Tiger’s hedge fund has stepped to the sidelines of investments in privately held start-ups. The fund, which can invest a minority of its portfolio into private companies, has not made a new private investment in over a year, the people say.
Within its private equity portfolio, Tiger has sharply marked down companies it deems closest to going public, like fintech Chime and ecommerce company Checkout.com, to account for an increased risk that a listing sees their valuations tumble, the fund told its investors according to those familiar with the matter.
In its quarterly letter to investors earlier this month, Tiger alerted investors to the ongoing changes to its portfolio.
“We have embraced the opportunity to use recent lessons learned to improve our investment process,” said the fund.
As part of its effort to rebound, the firm is investing heavily in data science to better monitor its positions and changes in the investment team have also been made.

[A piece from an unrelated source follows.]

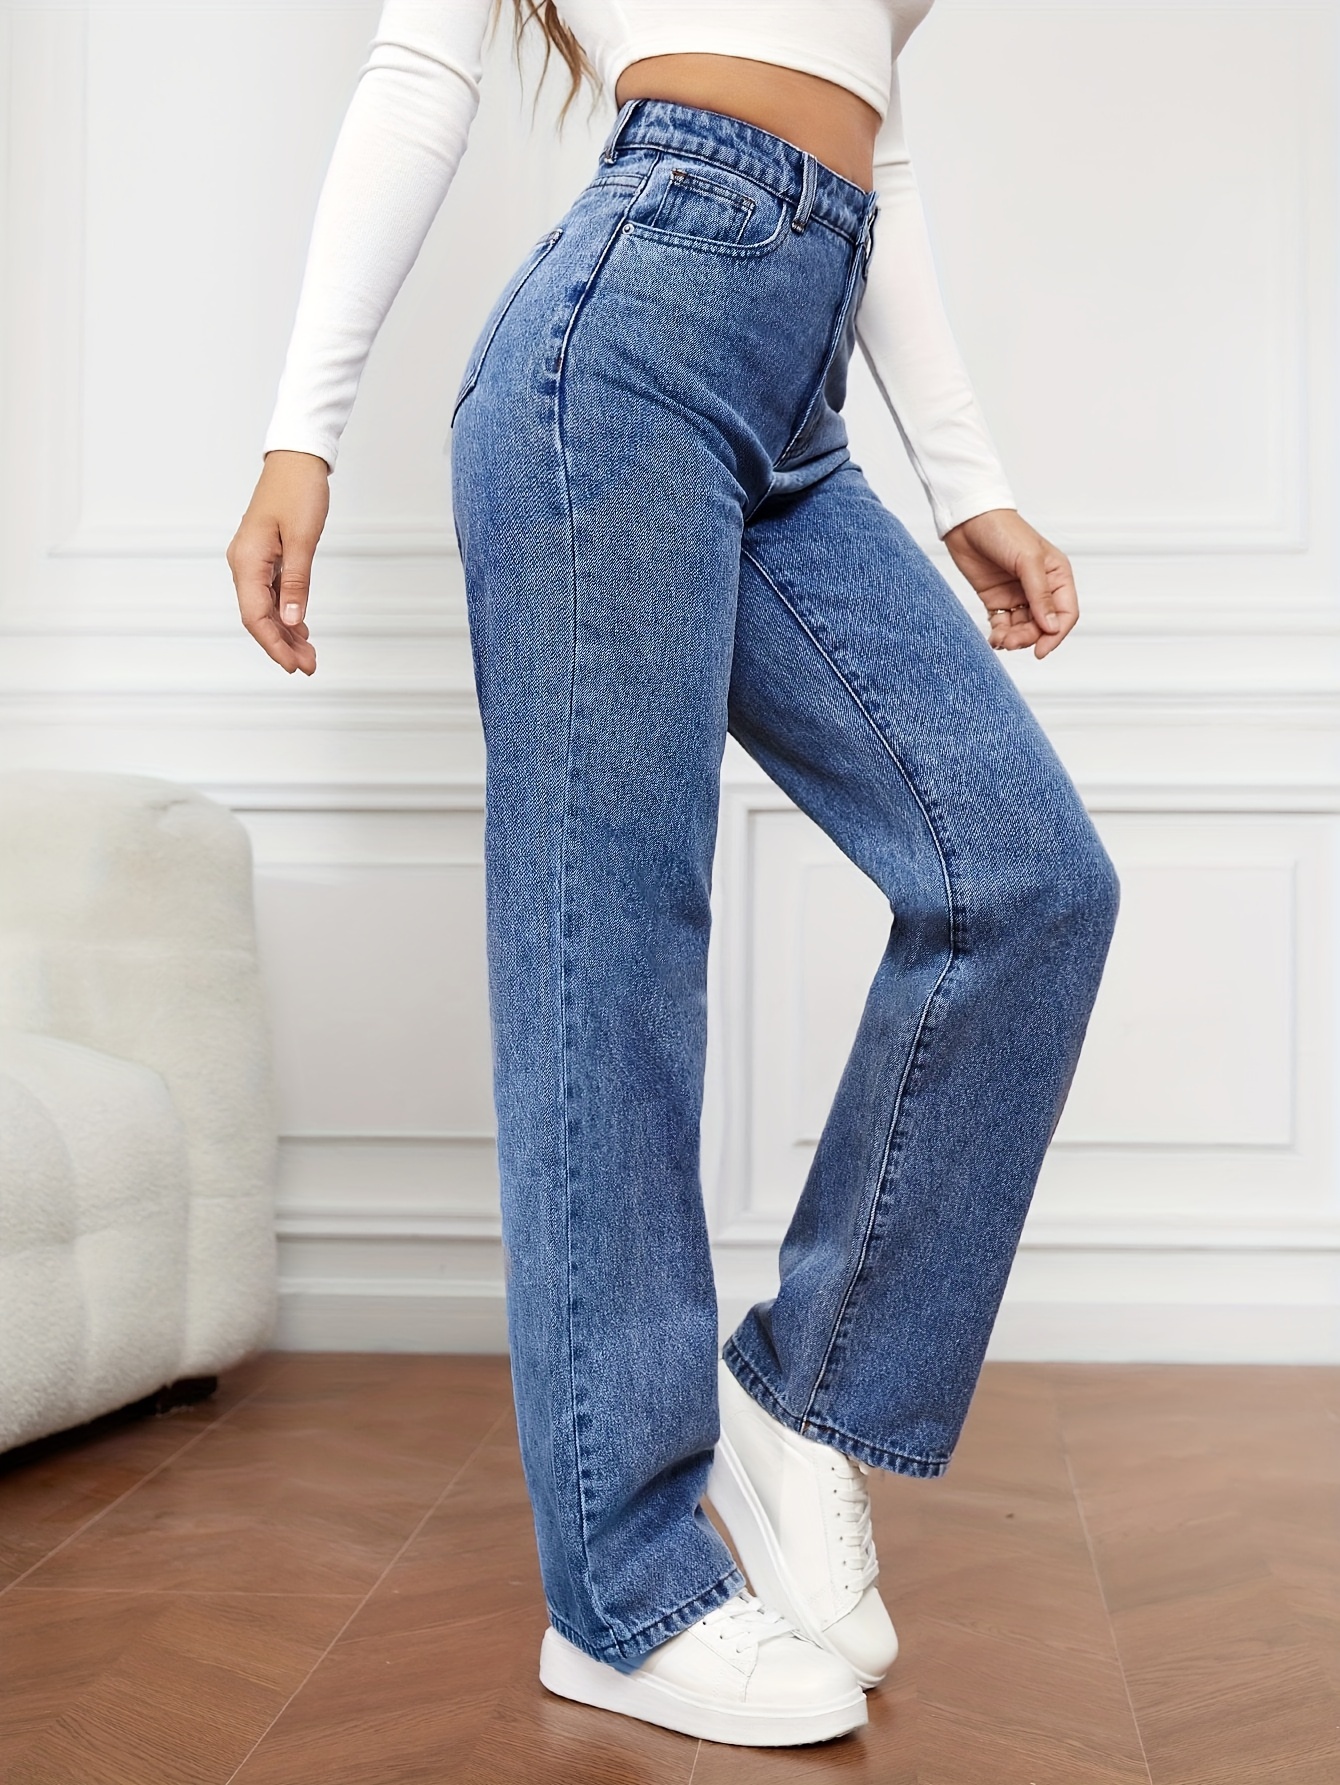 womens high waist washed jeans versatile straight leg pants casual style denim long trousers for daily wear details 3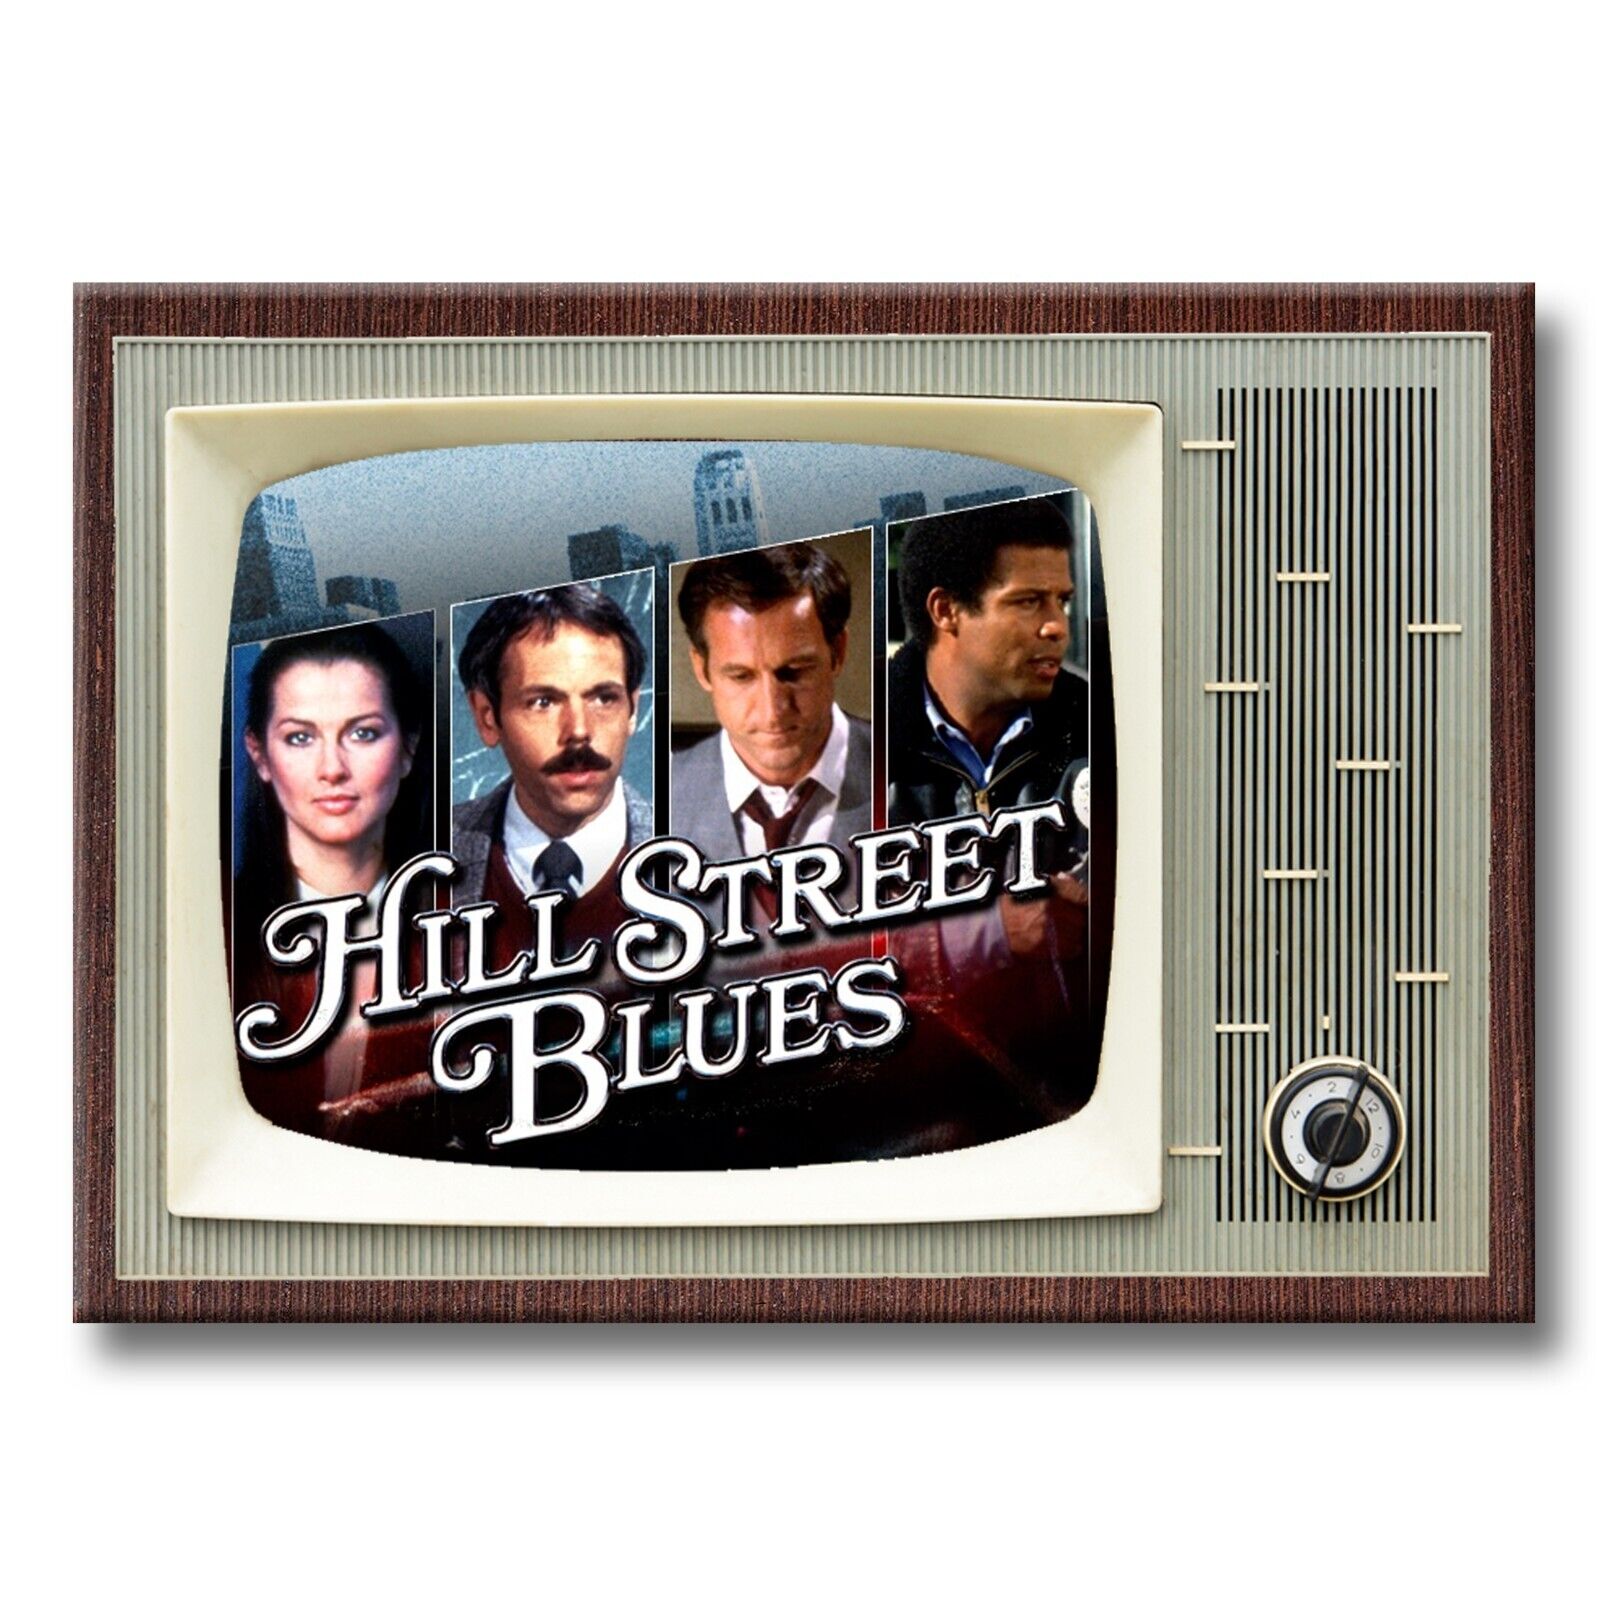 Hill Street Blues TV Show Retro TV 3.5 inches x 2.5 inches Steel Fridge Magnet

Edward Lei, a partner overseeing investments out of China who had been with Tiger for nearly a decade, has left the firm according to documents seen by the Financial Times. Tiger recently hired Dai Wang, a longtime portfolio manager at T Rowe Price, to lead its public stock investments in the country.
Sam Harland, an investor who helped oversee what was once Tiger’s over $1bn position in Carvana, has also left. Tiger recently hired Ben Tso, a former analyst at Palestra Capital Management, to focus on consumer-related investments.
Later in August, Evan Stanleigh, a partner at hedge fund Cadian Capital, will join Tiger. Then, in September, the firm will bring in four more new analysts, making its investment team larger than ever before, said the people familiar with the matter.
Coleman, who was trained by Julian Robertson at Tiger Management, launched Tiger Global in 2001 amid the bursting of the dotcom bubble, has made many billions invested in the firm’s funds, with much of the money invested in private equity funds that have long-term lockups.
But despite the recent scrutiny, Tiger has no interest in converting its hedge fund into a family office, said two sources, a move some struggling funds make near their nadir.
Annualised net returns of its flagship fund since launch have dipped from 20 per cent as of last September to below 15 per cent as of June 30, according to documents. The funds also started to recover during June and July.
This summer, under different circumstances, Tiger hosted another sports celebrity, the 23-time gold medal winning swimmer Michael Phelps, who offered inspiration as financial markets melted down. He described how to use defeat as a motivator.
“One of the messages we have consistently heard from Michael and other high performers over the years is that the path to long-term success is rarely linear,” Tiger recounted to its investors.
“Setbacks and losses are part of the deal,” it said. “There’s no shortage of motivation to win again for our investors, and we are confident that we will.”